Our firm’s other community association attorneys and I have all seen our fair share of disputes arising from unapproved property improvements in South Florida HOA communities over the years. However, the saga involving a diamond design in a homeowner’s driveway at the Equus community just west of Boynton Beach appears to be exceptionally combative, so much so that it drew the attention of the Palm Beach Post.
According to a recent article from the newspaper, the HOA has been trying to have homeowner Barry Rosenthal remove the decorative red diamond design (see photo below) for more than three years. Both parties appear to be very deeply entrenched in their positions.

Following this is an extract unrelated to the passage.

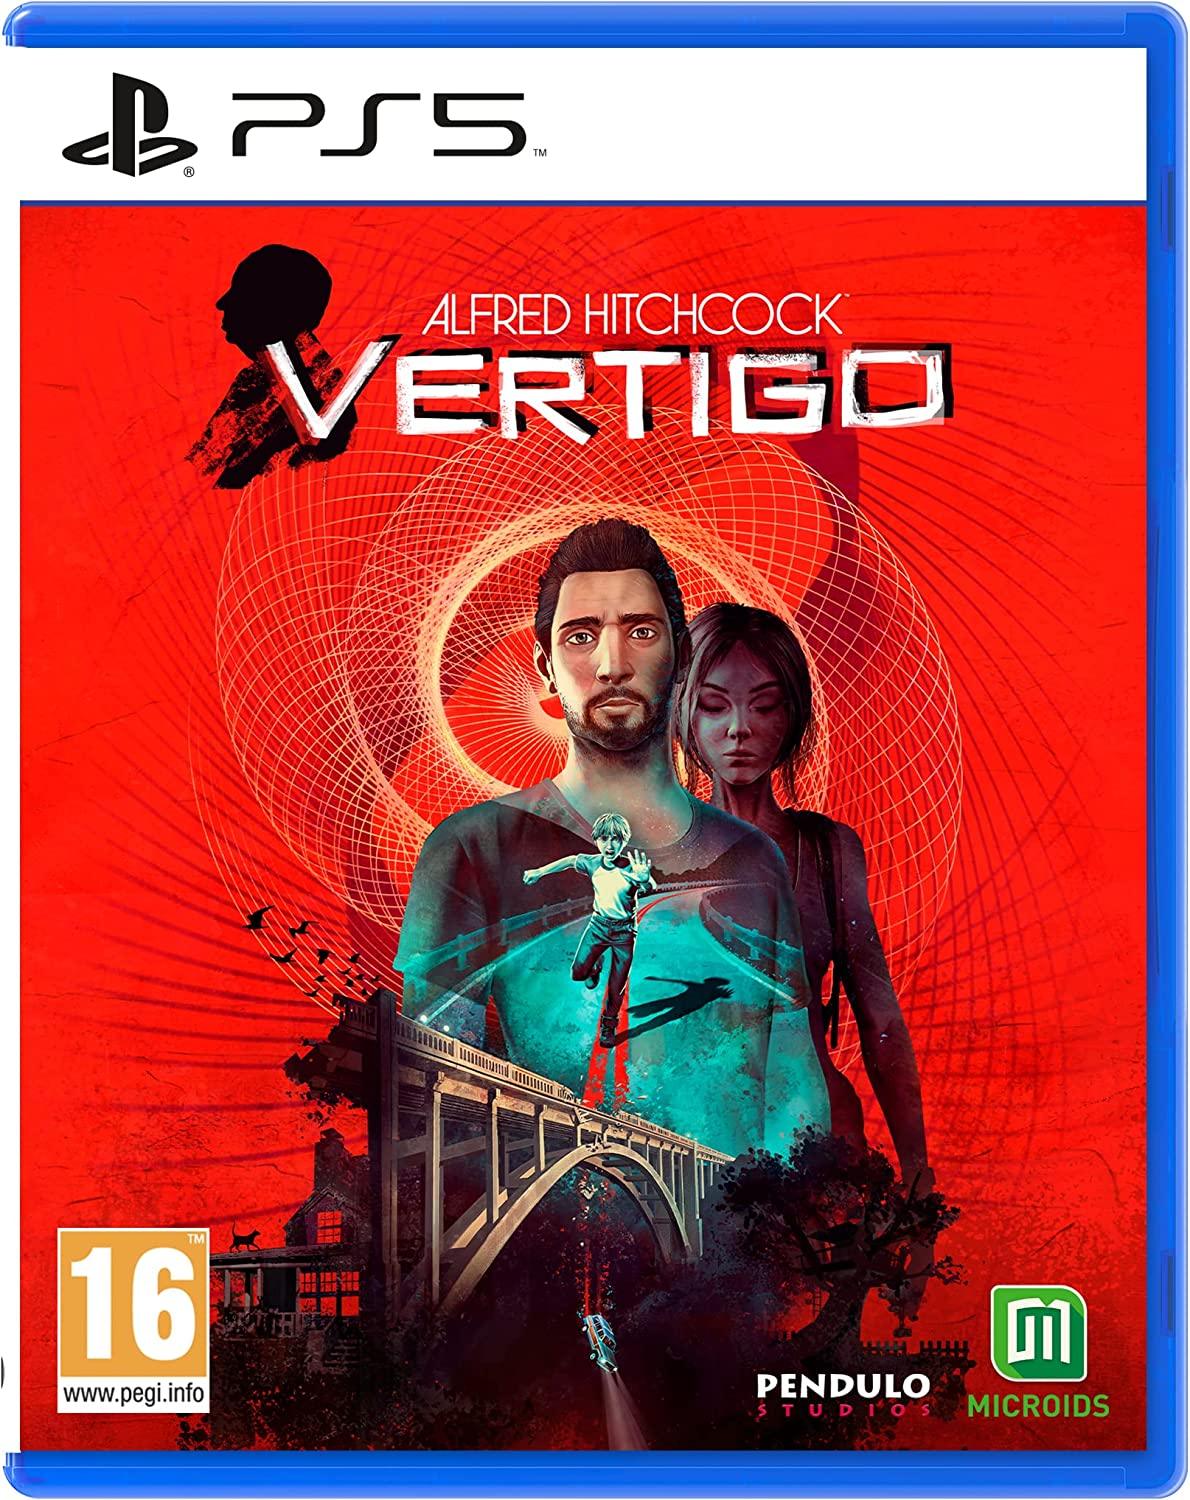 Alfred Hitchcock: Vertigo - Limited Edition (PS5) - GameStore.mt | Powered by Flutisat
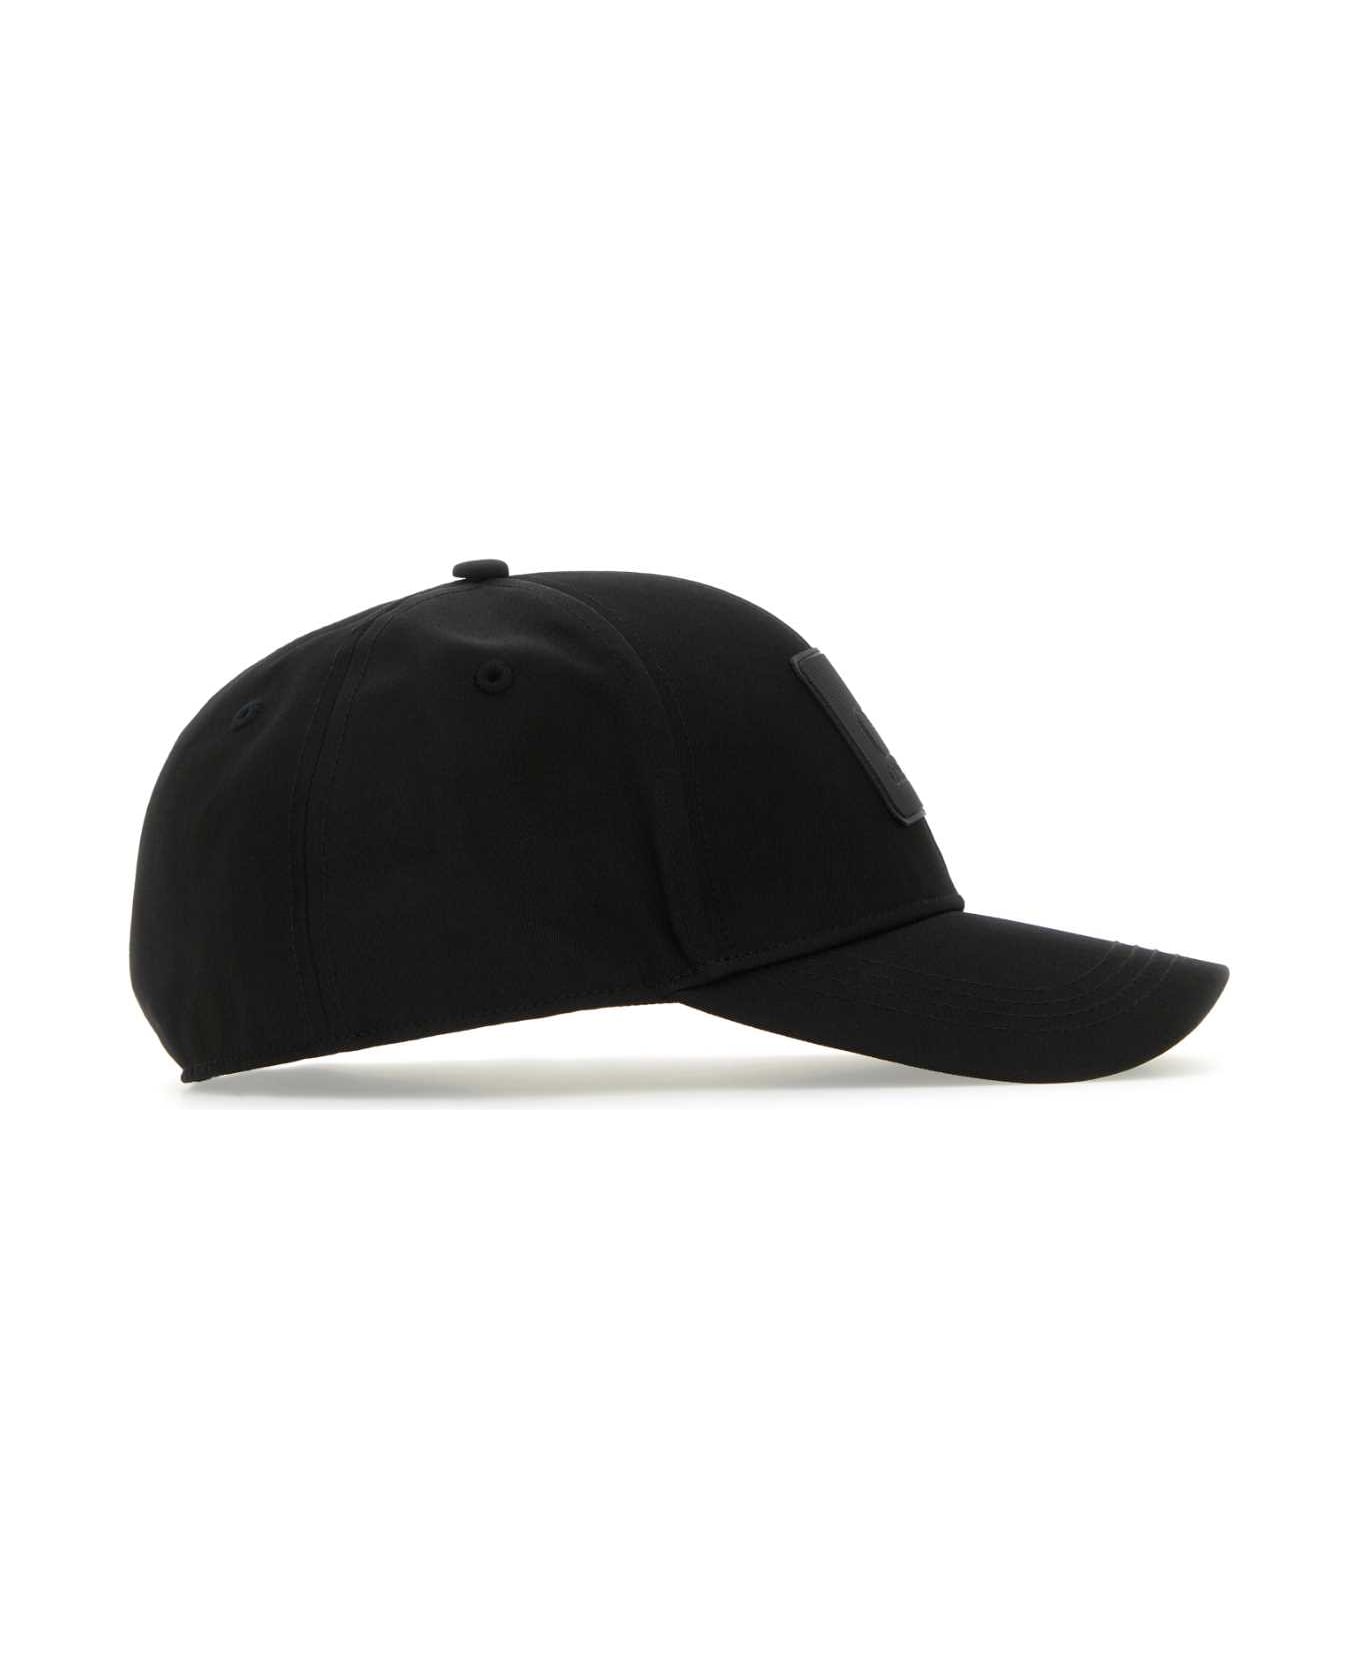 C.P. Company Black Polyester Baseball Cap - Black 帽子

In its lawsuit, the HOA claims the driveway design “was not in conformity with other approved driveway designs throughout the community.” Rosenthal had it installed as part of his new driveway project in 2017 without obtaining the HOA’s prior approval, and he was subsequently fined $1,000 and lost his usage rights to the community’s amenities, which include tennis courts and a fitness center.
In the article, Rosenthal states that his case is “all about selective enforcement.” He claims another resident has almost their entire driveway paved over with larger diamonds, and the HOA has done nothing to them.
“There are a lot of cliques here and if you are in the right clique, you get a free pass,” he is quoted in the article. “An arbitrator told us at mediation that he never saw such selective enforcement. This is wrong. We have not yet had a trial. I can’t wait to get to court.”
The HOA’s attorney states that Rosenthal knew what the rules and regulations were, and he needed to get association’s prior approval for the design. He chose not to, and now he has refused to remove the offending diamond shape.
The article also correctly notes that the party which ultimately prevails at trial will most likely recover their legal fees, which could run into the tens of thousands of dollars for a case that has already taken more than three years of litigation and mediation.
Cases such as these in which a rather simple dispute snowballs into an epic fracas between a homeowner and their community association over an unapproved property improvement are typically unfortunate for all the parties involved. Associations should always turn to a set procedure to find effective, reasonable and equitable resolutions for all such disputes. These protocols will typically include board and/or committee hearings in which experts from both sides discuss and answer questions regarding all the pertinent building code and aesthetics issues. After all these considerations are weighed carefully by an impartial panel, its final decision should be based on reason and aimed at finding a fair resolution that meets the community’s standards for the uniform and unbiased application and enforcement of its rules and restrictions.
Employing such dispute resolution procedures will not prevent all such skirmishes from ending up in court. However, for those cases in which litigation proves to be unavoidable, associations are bound to fare much better in the proceedings by being able to demonstrate that they conducted the entire process as reasonably and fairly as possible in a good-faith effort to find an acceptable resolution.